Alice’s life was a difficult one. She was first married at 15, to a fifty-two-year-old man, with whom she had nine children.

Writing that makes me cringe, though the nine children and the fact that Andrew bequeathed his land to her on his death makes me think theirs was a marriage of economical necessity.

She died at seventy-five, having married a third time, this time to someone closer to her age (only six years older).

Although she isn’t my direct ancestor, I find myself hoping her life with Andrew was a pleasant one, and that the acreage she inherited enabled her to achieve some independence after what sounds like a life of drudgery.

My parents also knew challenges, growing up in the Depression, and that experience was reflected in how my siblings and I were raised, with a big garden and two large cupboards in the basement, filled with home-canned food.

Grandma and Grandpa Byrd would come to stay for a few days in the late summer or fall to help, but we were all expected to contribute, by lugging water to the garden, stringing beans, pushing apples through a ricer to make applesauce, or washing dishes.

The first time I made and canned jelly, I was so proud of myself, feeling like I was maintaining a connection with my parents and grandparents.

Then I realized if Grandma could look down from heaven, she would be laughing at me — so smug about over a few jars of jelly.  She, along with Grandpa and my parents, would churn out seemingly endless jars of multiple varieties of jelly every year, along with applesauce, green beans, tomatoes, tomato juice, grape juice, peaches, pears, plums, and more.

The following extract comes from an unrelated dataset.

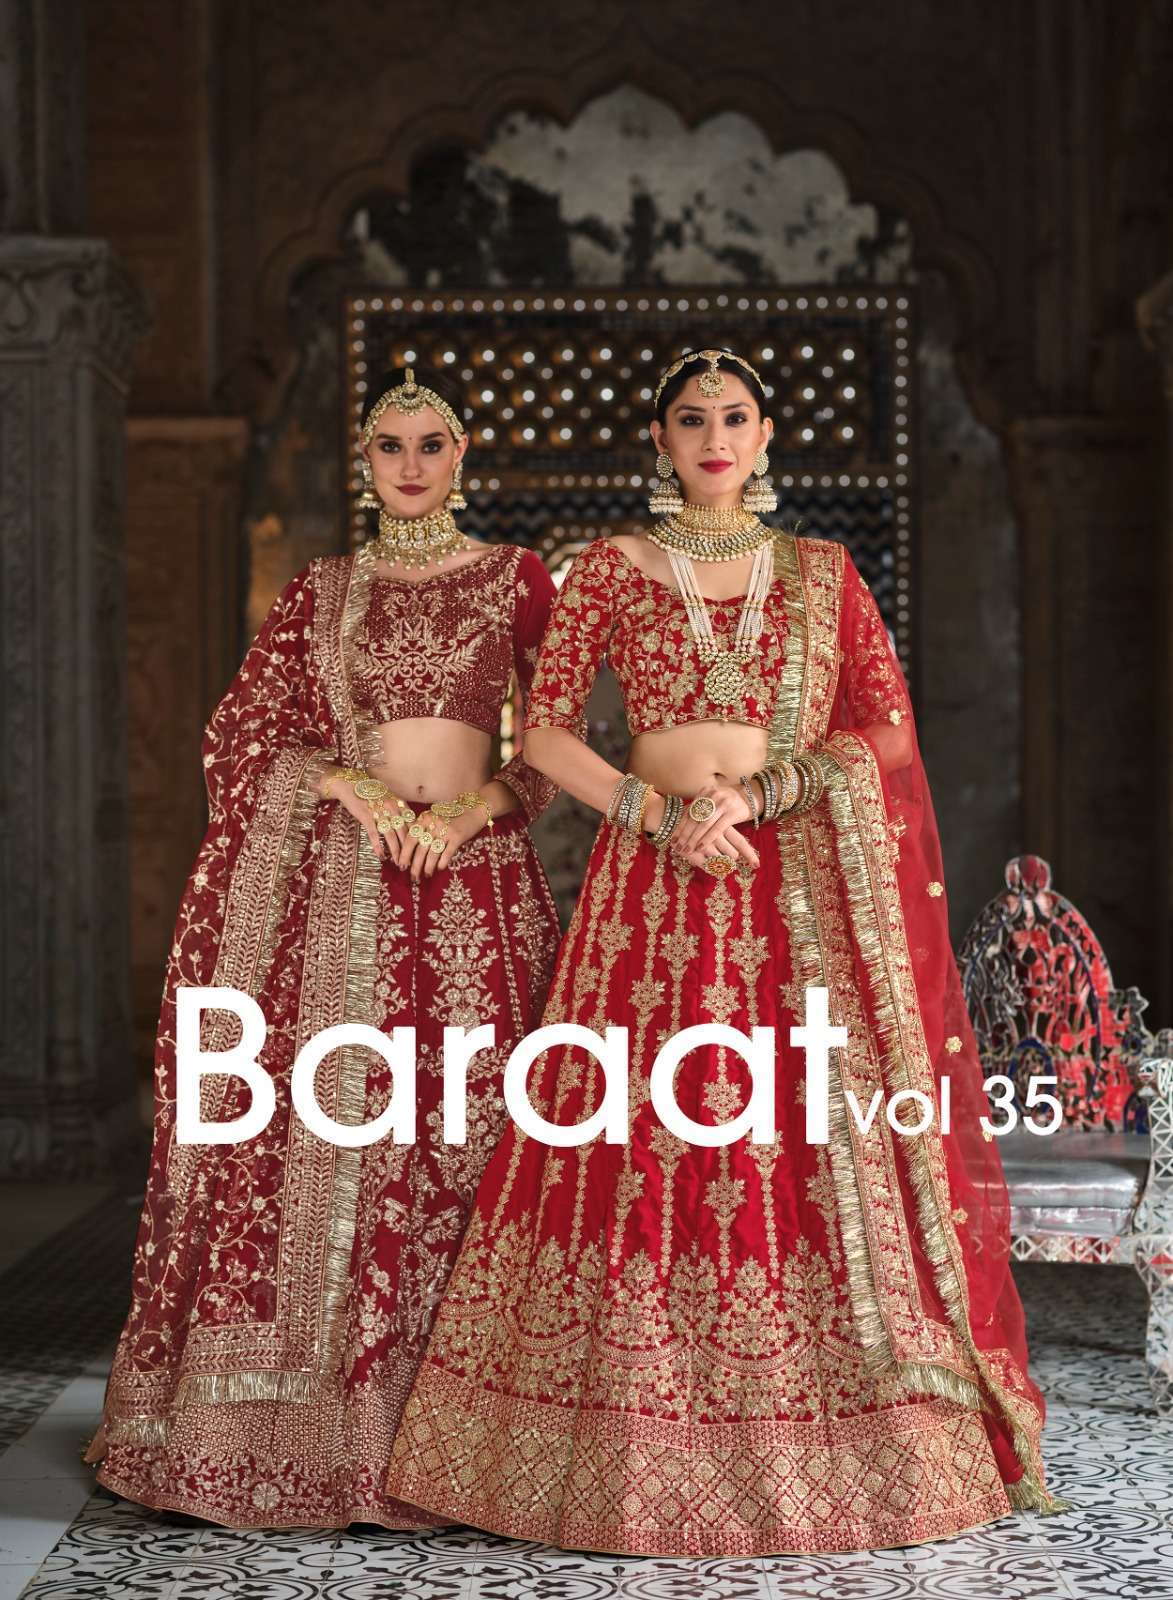 Senhora presents Baraat bridal heritage vol-35 heavy velvet wedding wear Lahenga choli collection

So, here’s the thing: I come from a long line of resilient people. They suffered the deaths of spouses, siblings, and children, lived through wars and the Depression, and raised their children. Every generation has had its challenges, and yet, we persevere.

Your family’s story is probably similar, though you may not know its “narrative.” This might be a good time to learn some of it because research shows that such knowledge makes a person more resilient. (If you’d like to read more about this study, there’s a good artice in the New York Times. )

It makes sense. If a person knows their family’s stories, they know that there have always been difficult times, and that people — not all of them, obviously, but many — manage to find a way to survive. When we know that, it makes us more confident we will find a way through our own hardships.

We can do that best, I believe, by learning to depend more on ourselves and on each other, even though right now that interdependence with others must, of necessity, be from a distance.

Though we may not be able to deal with difficulties in the same way as our ancestors, we too will find our way through.

Also, I take heart from two of my favorite quotations.

“You must be the change you wish to see in the world.” — Ghandi

“Never doubt that a small group of thoughtful, committed citizens can change the world; indeed, it’s the only thing that ever has.” — Margaret Mead

We don’t have to do everything to fix things. We just have to do something, preferably something that takes us out of ourselves and helps others.

So, be kind. Check in with friends and neighbors.

And, for heaven’s sake, quit hoarding toilet paper and hand sanitizer!

 

4 thoughts on “Our Ancestors: We Know We Can Make It Through Because We Know They Did

  1. My grandmother almost died as a young woman in the Spanish flu epidemic. My mother brought up 4 small children in wartime occupied Holland during an intense winter famine that killed thousands (https://en.wikipedia.org/wiki/Dutch_famine_of_1944%E2%80%9345). People burned their doors and furniture to stay warm. It taught her, and by direct example, all her children (I’m one of the last) to be frugal. Until I was over 10 years old, I had never owned a sweater made of new wool. I spent long hours holding up my arms for her to wind freshly unpicked and washed wool onto them. She too canned *everything* – I particularly remember the Dutch-style applesauce with cloves and cinnamon. And I can still make a roast chicken stretch till it screams. The skill for making-do and improvisation is going to stand me in good stead. My store cupboard is perhaps a little heavier on the dried goods, flour and sugar than normal, but I know how to hold out. You’re right, our ancestors and their times have a lot to teach us.